Hyperparameter Tuning - Zhenlin Wang

Introduction

Hyperparameters are choices set before or around training: learning rate, tree depth, regularization strength, batch size, number of layers, retrieval top-k, and many others.

Tuning is the process of searching for hyperparameters that improve validation performance without overfitting the validation process itself.

Start With a Baseline

Before tuning, build a baseline:

Simple model.
Clean validation split.
Fixed metric.
Reproducible config.
Logged result.

If the baseline is unstable, tuning will mostly amplify noise.

Define the Search Space

A good search space matters more than a fancy optimizer.

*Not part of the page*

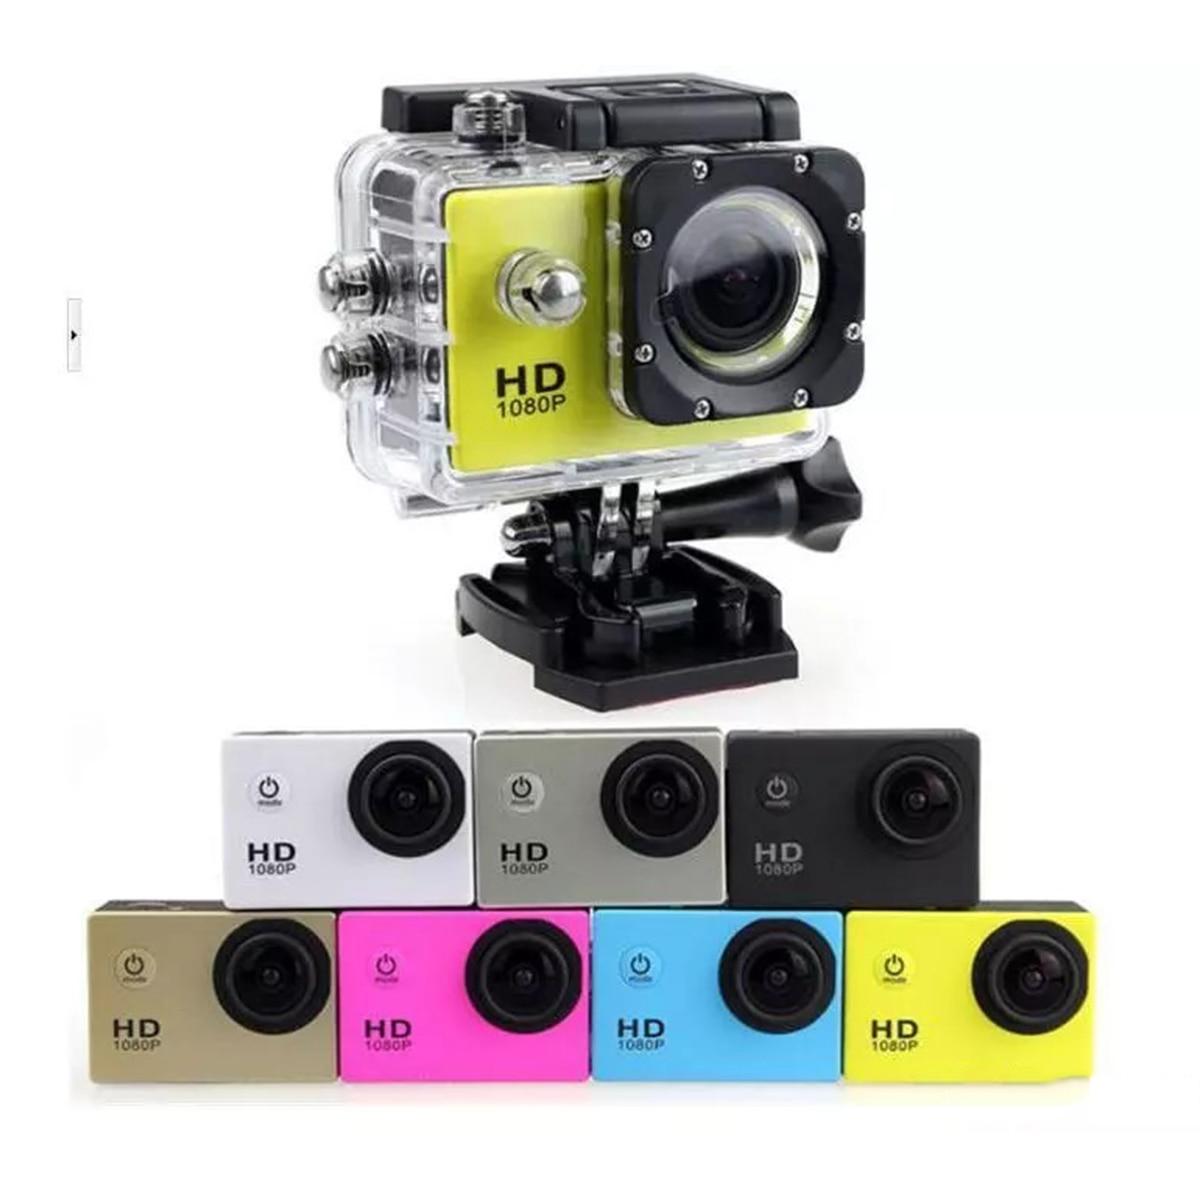 SJ4000 Action Camera Diving 30M Waterproof 1080P Full HD Go Underwater Helmet Sport Camera Sport DV 12MP Photo Pixel Camera

Use ranges that reflect the scale of the parameter:

Learning rate: log scale.
Regularization: log scale.
Number of trees: linear or bounded integer.
Tree depth: small integer range.
Dropout: bounded continuous range.
Batch size: powers of two or hardware-friendly values.

Example:

search_space = {
    "learning_rate": ("loguniform", 1e-5, 1e-2),
    "weight_decay": ("loguniform", 1e-6, 1e-1),
    "batch_size": [16, 32, 64],
    "warmup_ratio": ("uniform", 0.0, 0.1),
}

Avoid tuning parameters that do not matter yet. Start with the few choices most likely to move the metric.

Validation Design

Tuning quality depends on validation quality.

Choose:

Random split for independent examples.
Time-based split for time-dependent tasks.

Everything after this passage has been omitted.